--- DATA BELOW ---

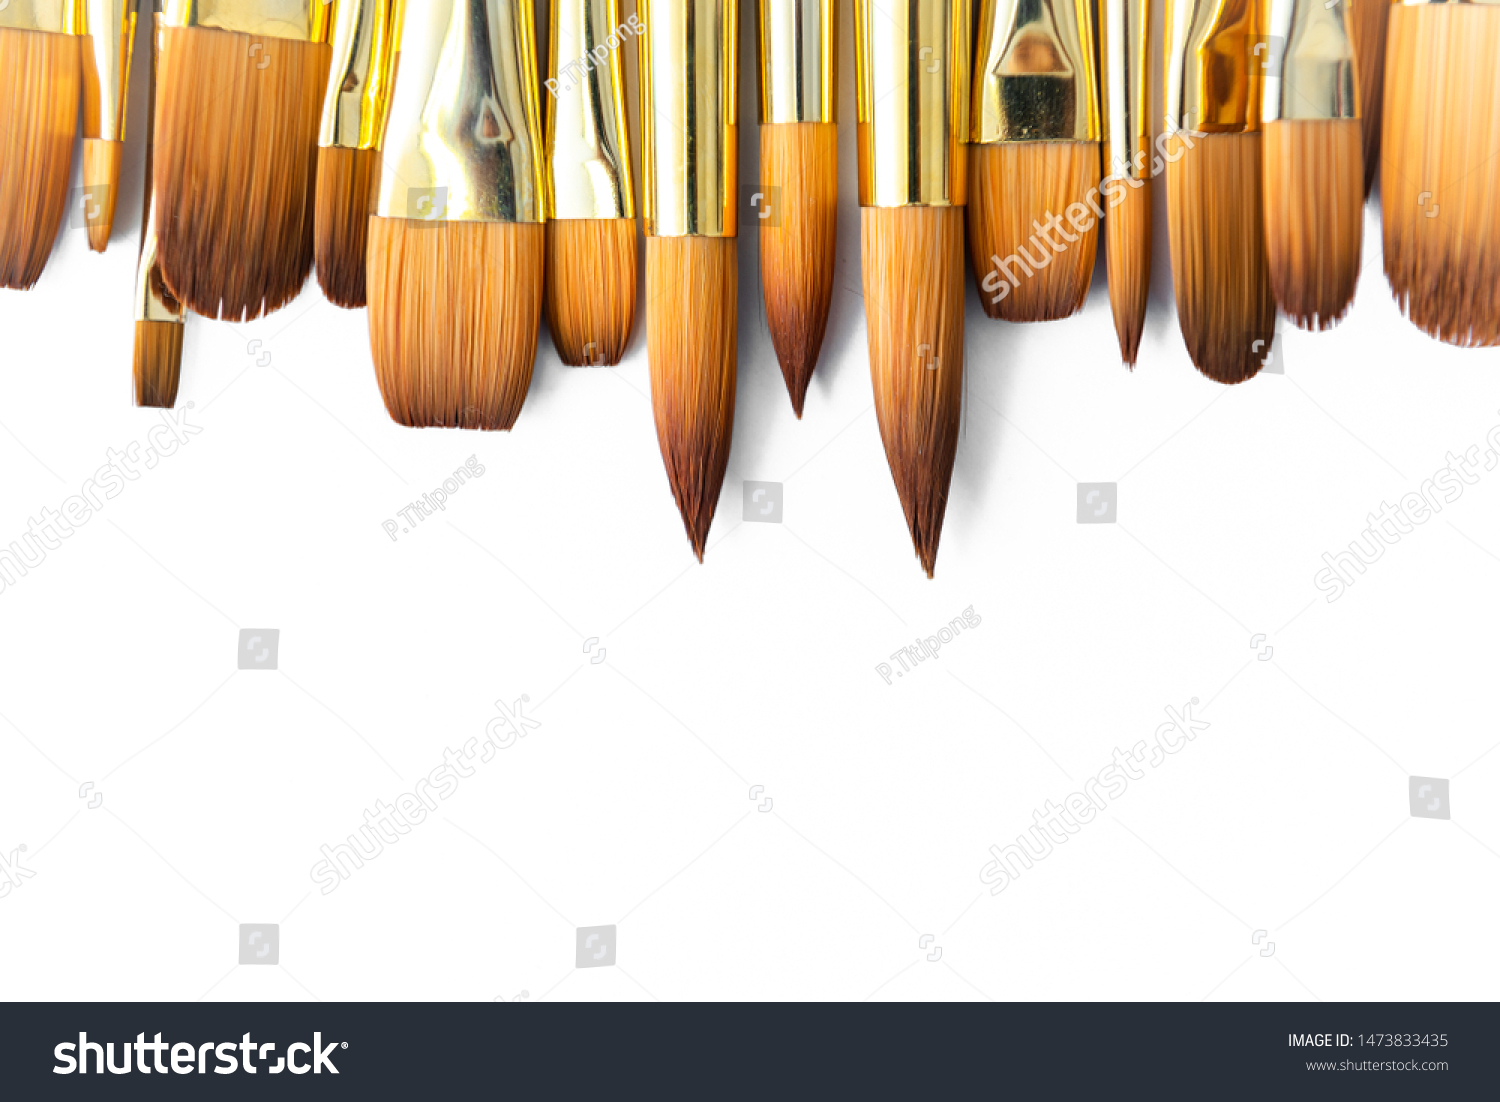 row of artist paint brushes closeup on white background, paintbrushes for wallpaper. #1473833435
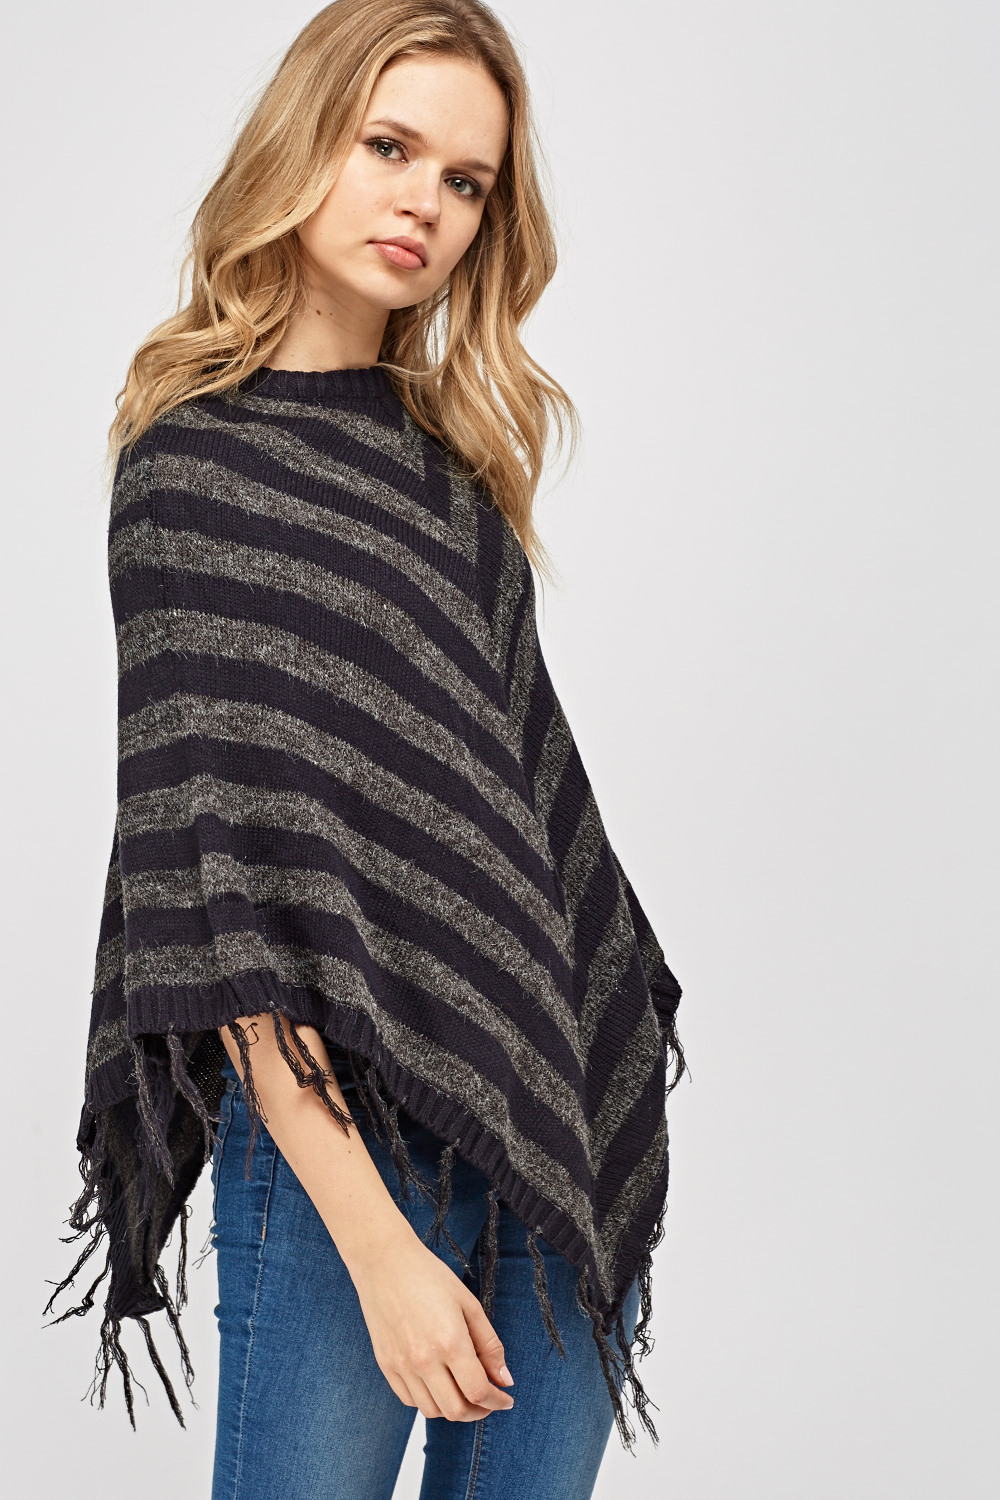 Fringed Striped Poncho - Just $6
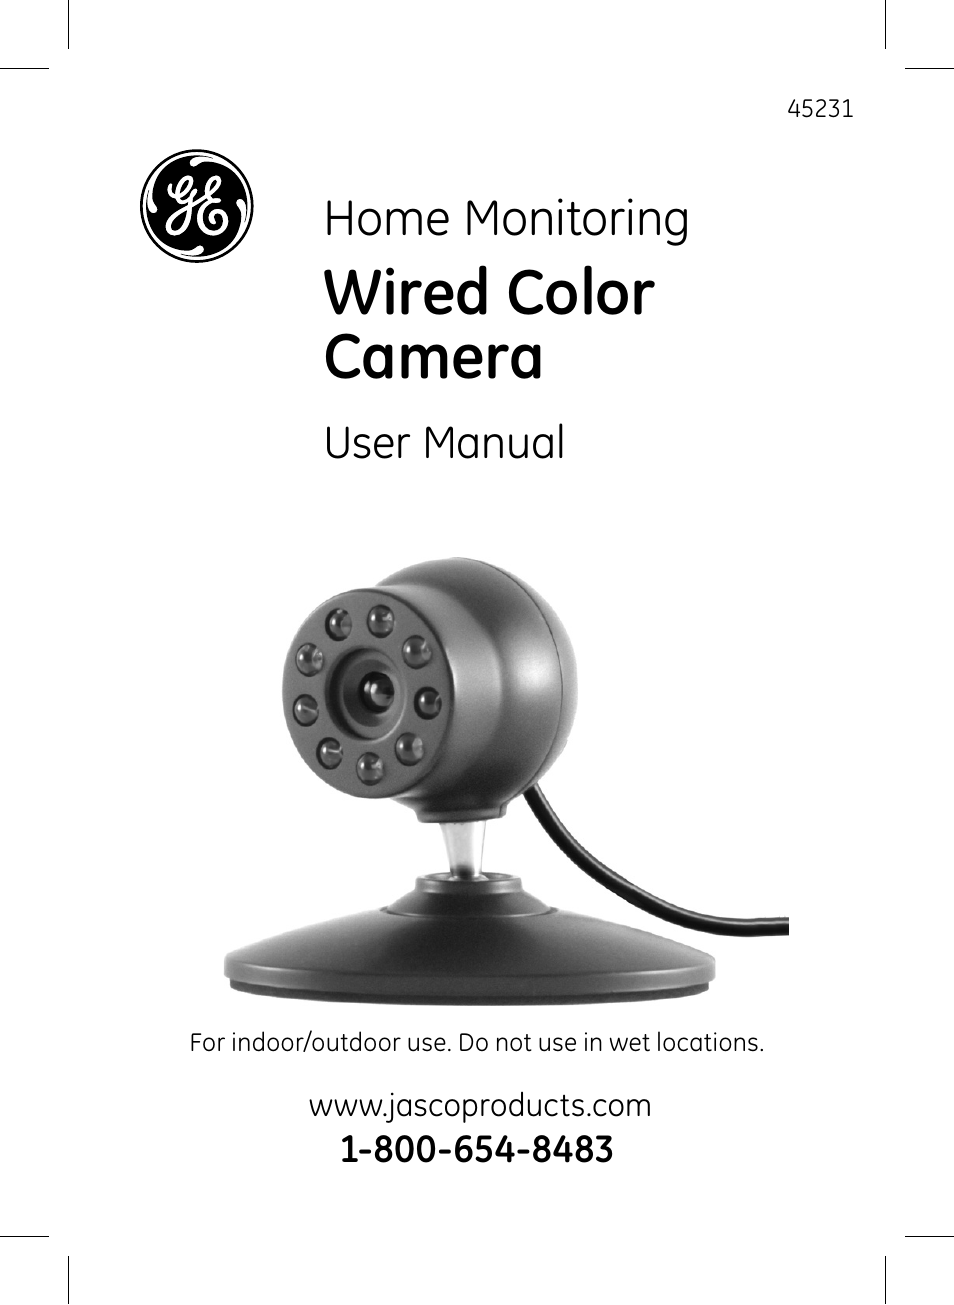 GE 45231 GE Home Monitoring Wired Color Camera with Night Vision User Manual | 12 pages
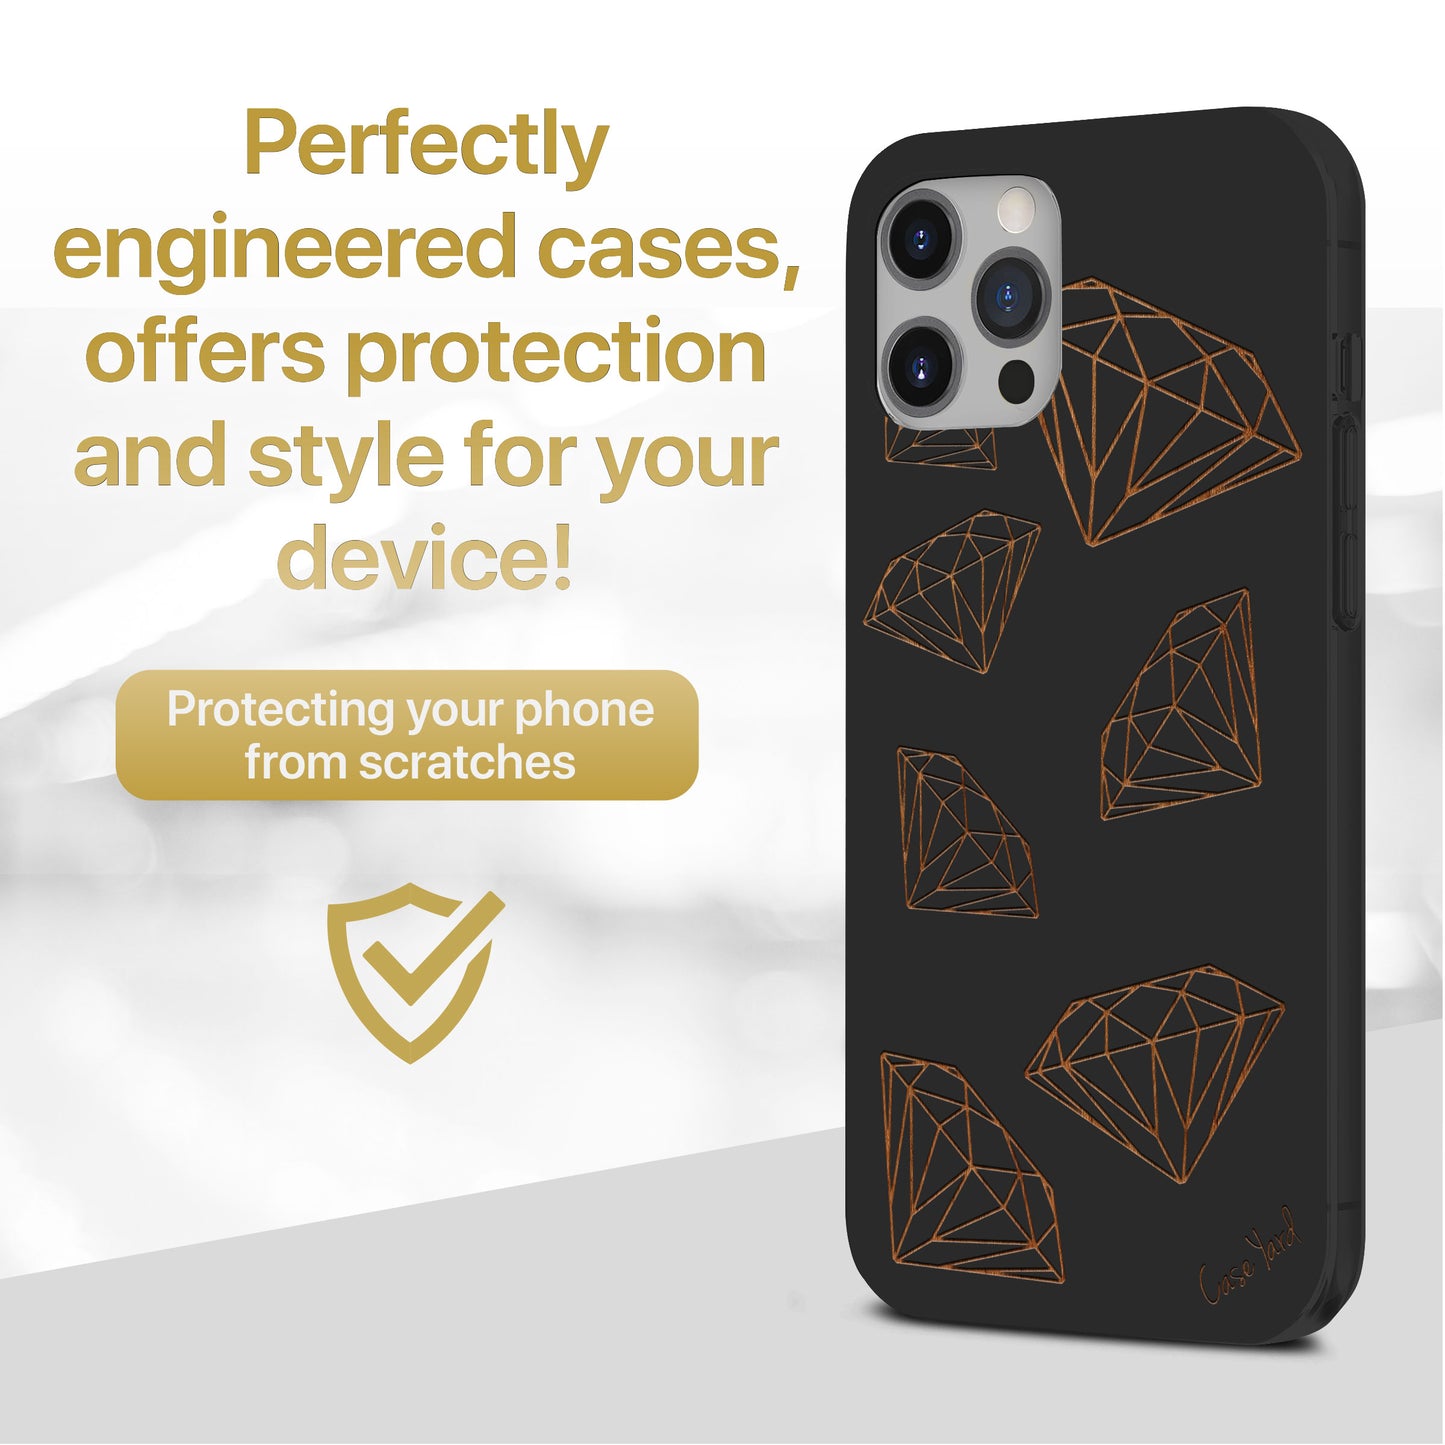 Wooden Cell Phone Case Cover, Laser Engraved case for iPhone & Samsung phone Diamonds Design

--- EXERCISE REQUIREMENTS ---
What is needed is an exact repeat of only the lines from the one containing "GE 45231 GE" through the last line of the listing above, both ends included, without the pictures.

--- SOLUTION TO THE EXERCISE ---
 GE 45231 GE Home Monitoring Wired Color Camera with Night Vision User Manual | 12 pages
 Wooden Cell Phone Case Cover, Laser Engraved case for iPhone & Samsung phone Diamonds Design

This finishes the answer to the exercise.